* _YOUR TASK_
Nothing but the lines from the one with "32.-trunk-tales-hc-36-.jpg" through the end of the listing should be reproduced, each exactly and with pictures omitted.

* _DATA SHOWN_
——
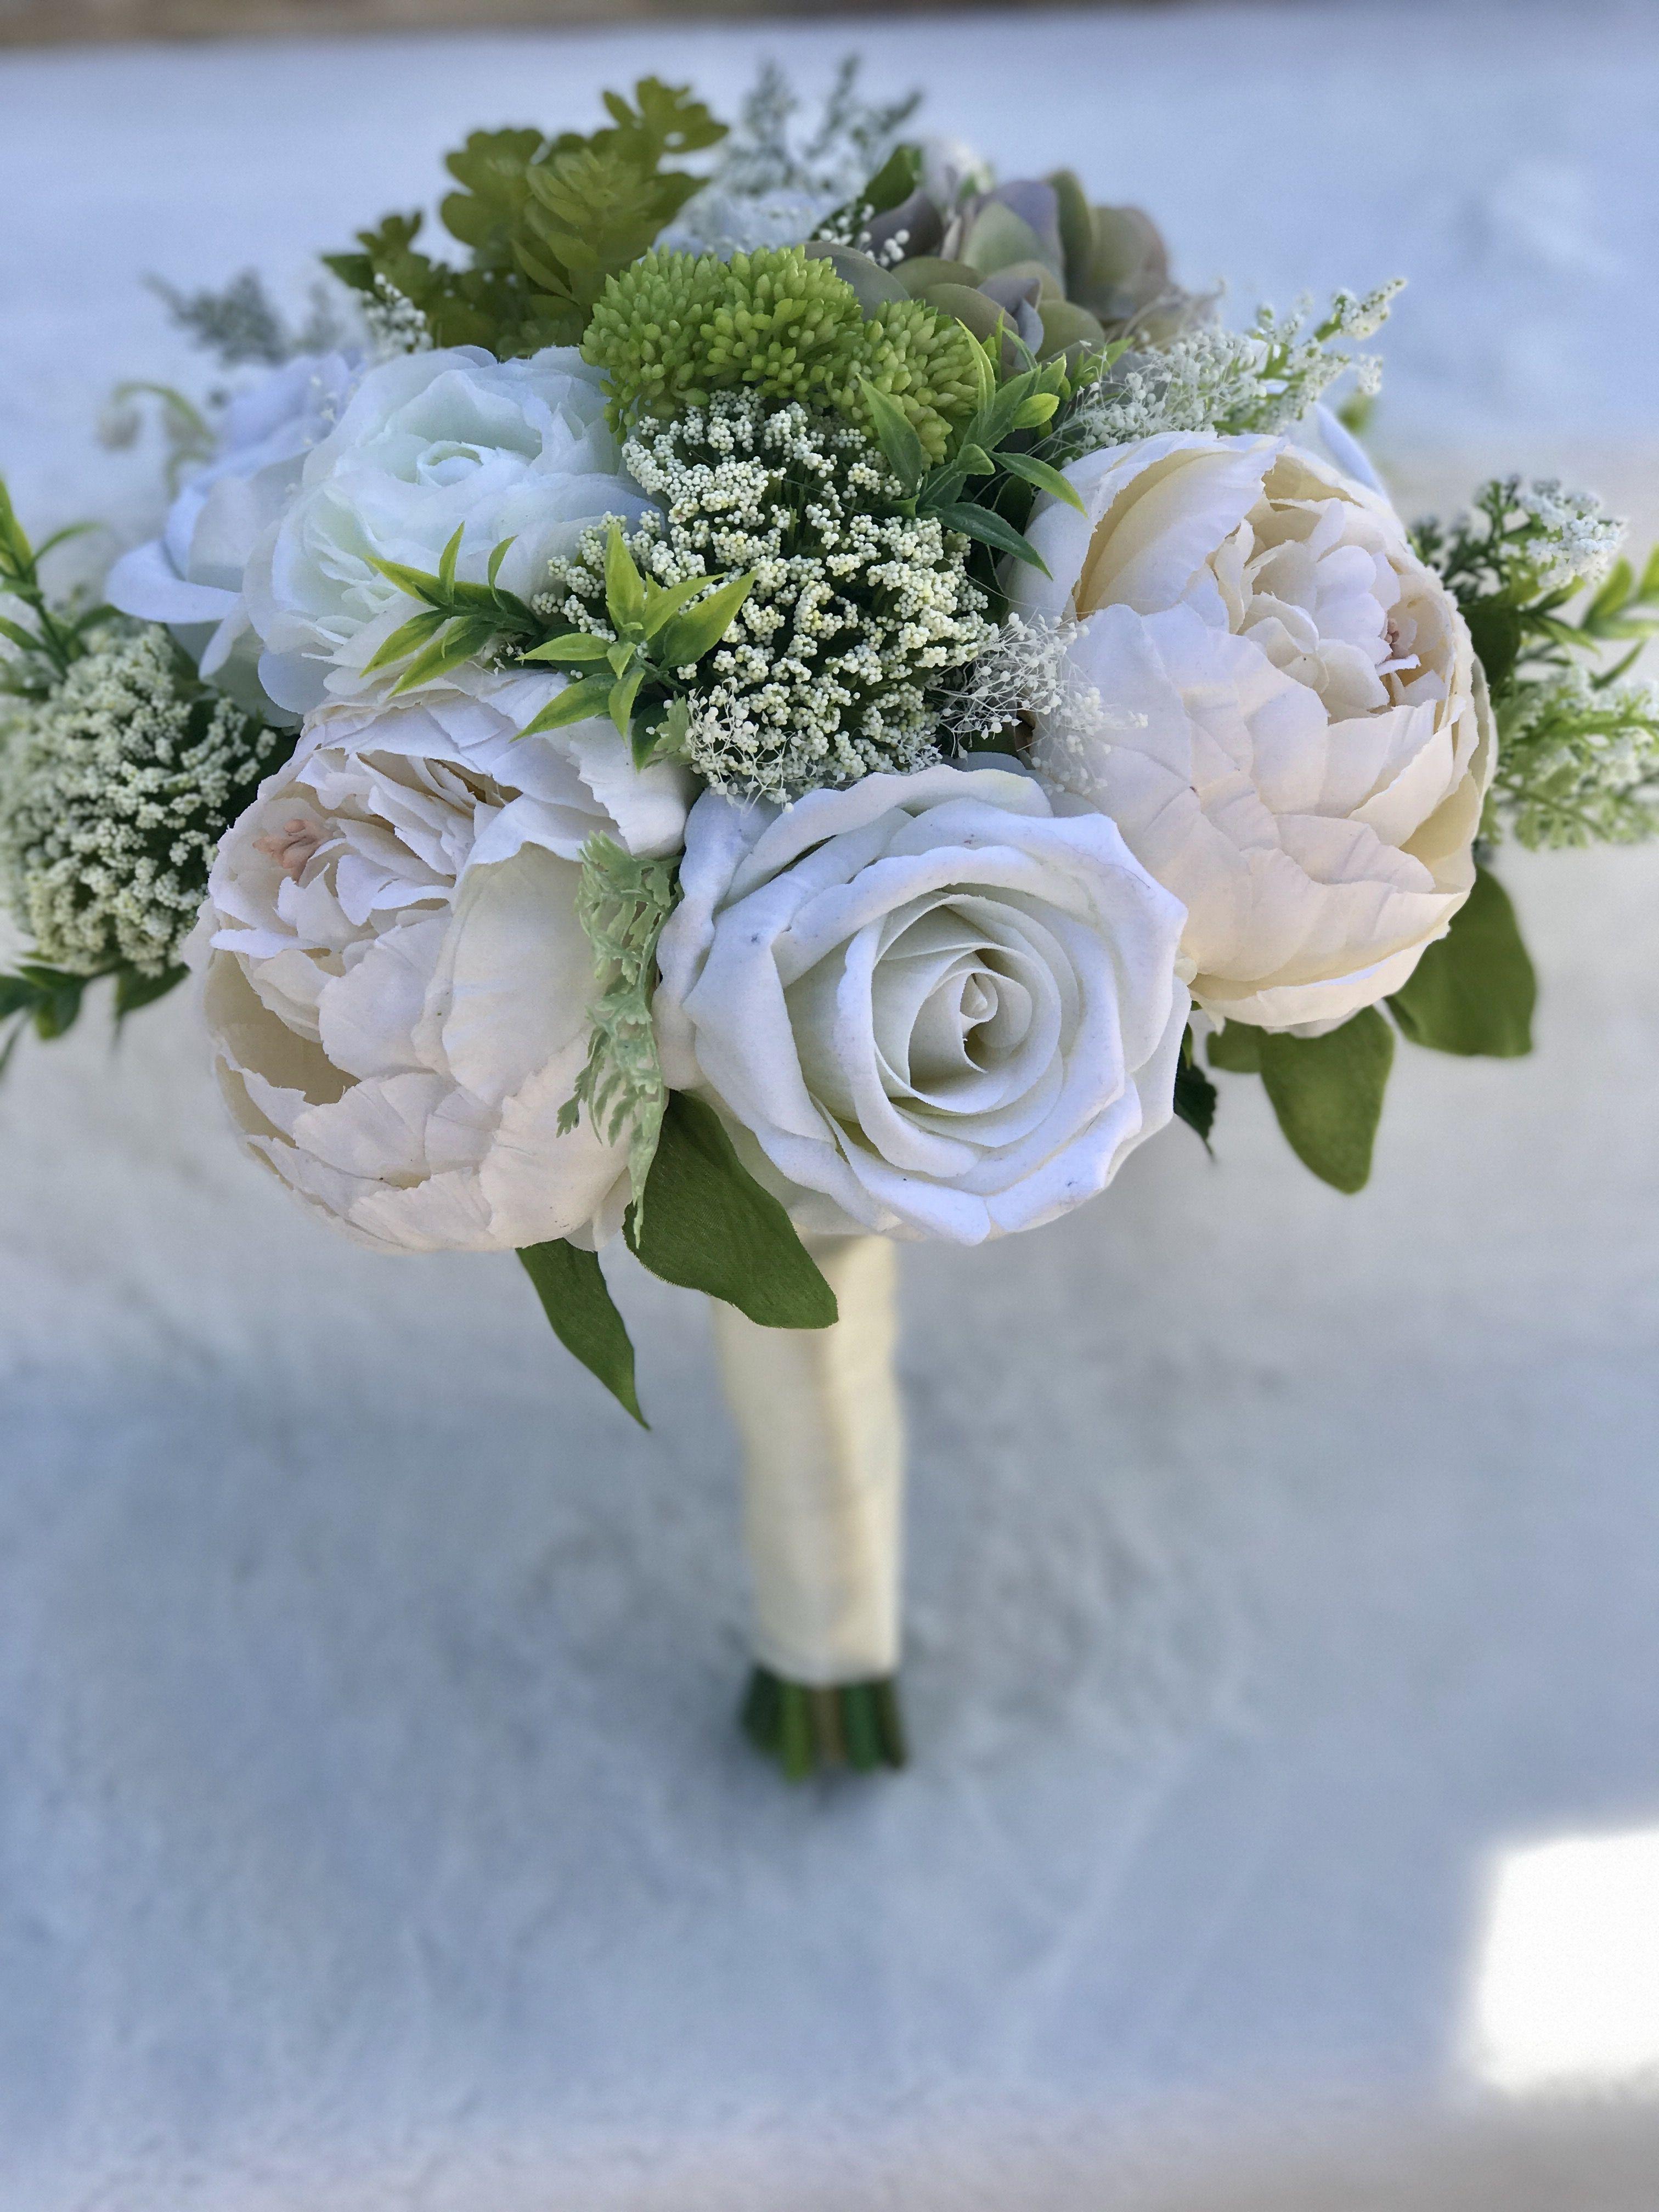 Silk Wild Clutch High Quality Realistic Silks Peonies Roses
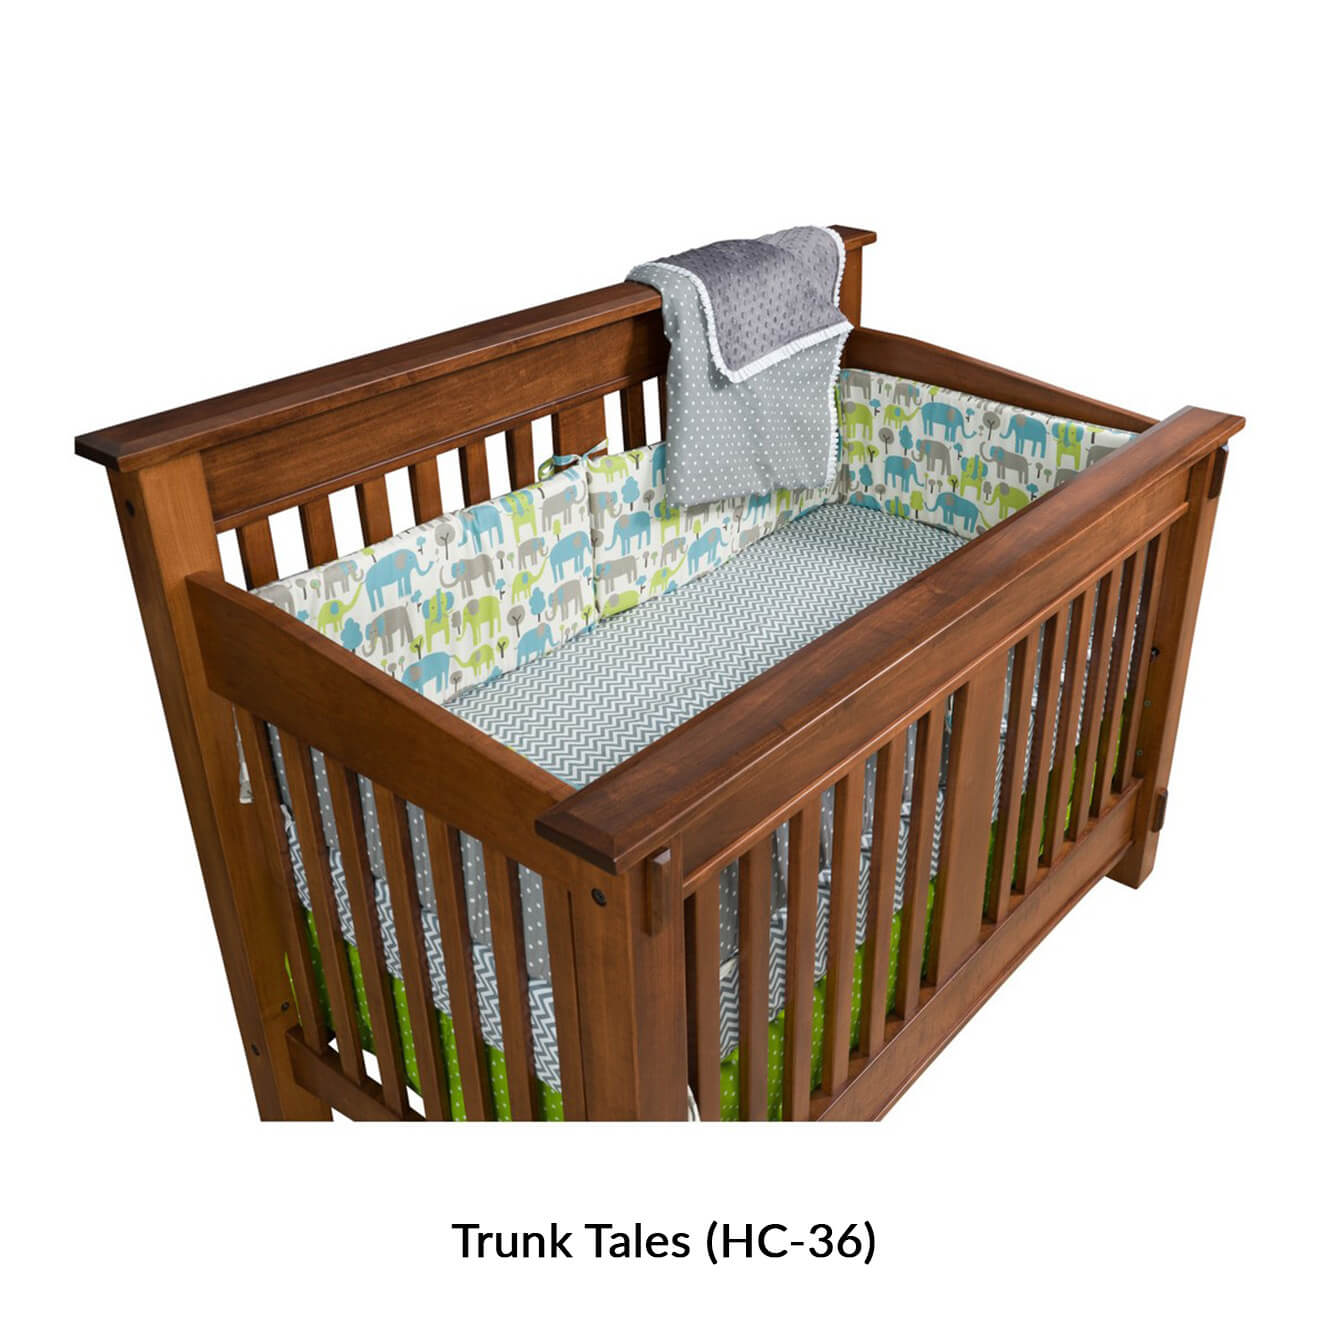 32.-trunk-tales-hc-36-.jpg
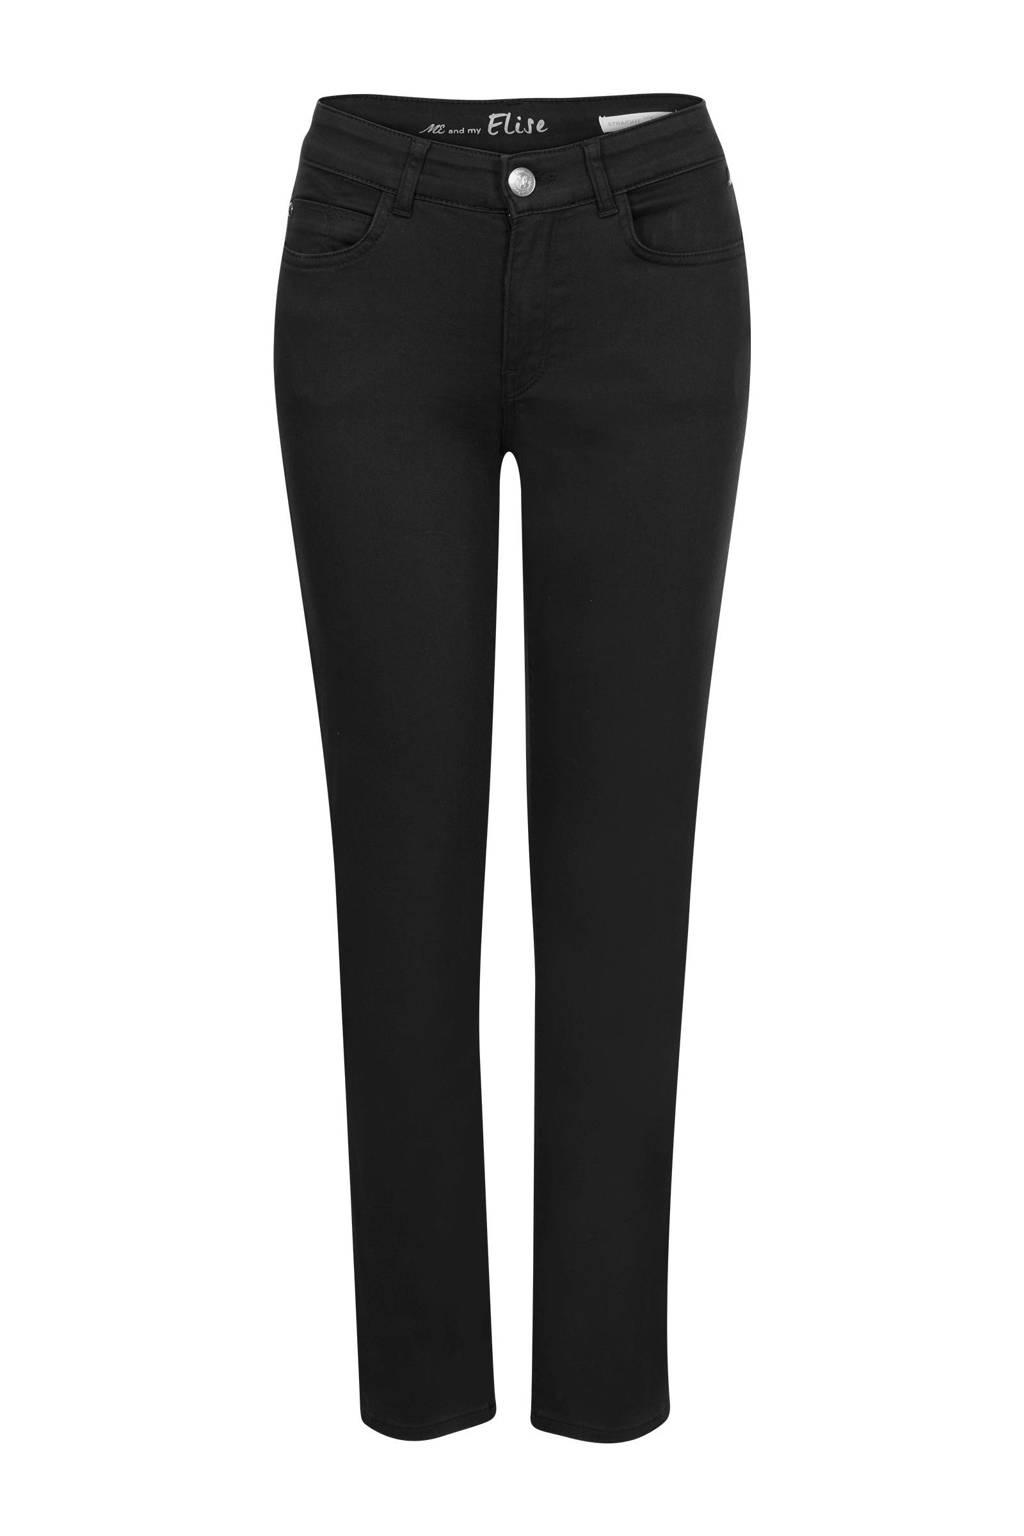 Miss Etam Regulier slim fit jeans Elise 28 inch zwart, Zwart
——
* _RESPONSE TO THE TASK_
 32.-trunk-tales-hc-36-.jpg
 Miss Etam Regulier slim fit jeans Elise 28 inch zwart, Zwart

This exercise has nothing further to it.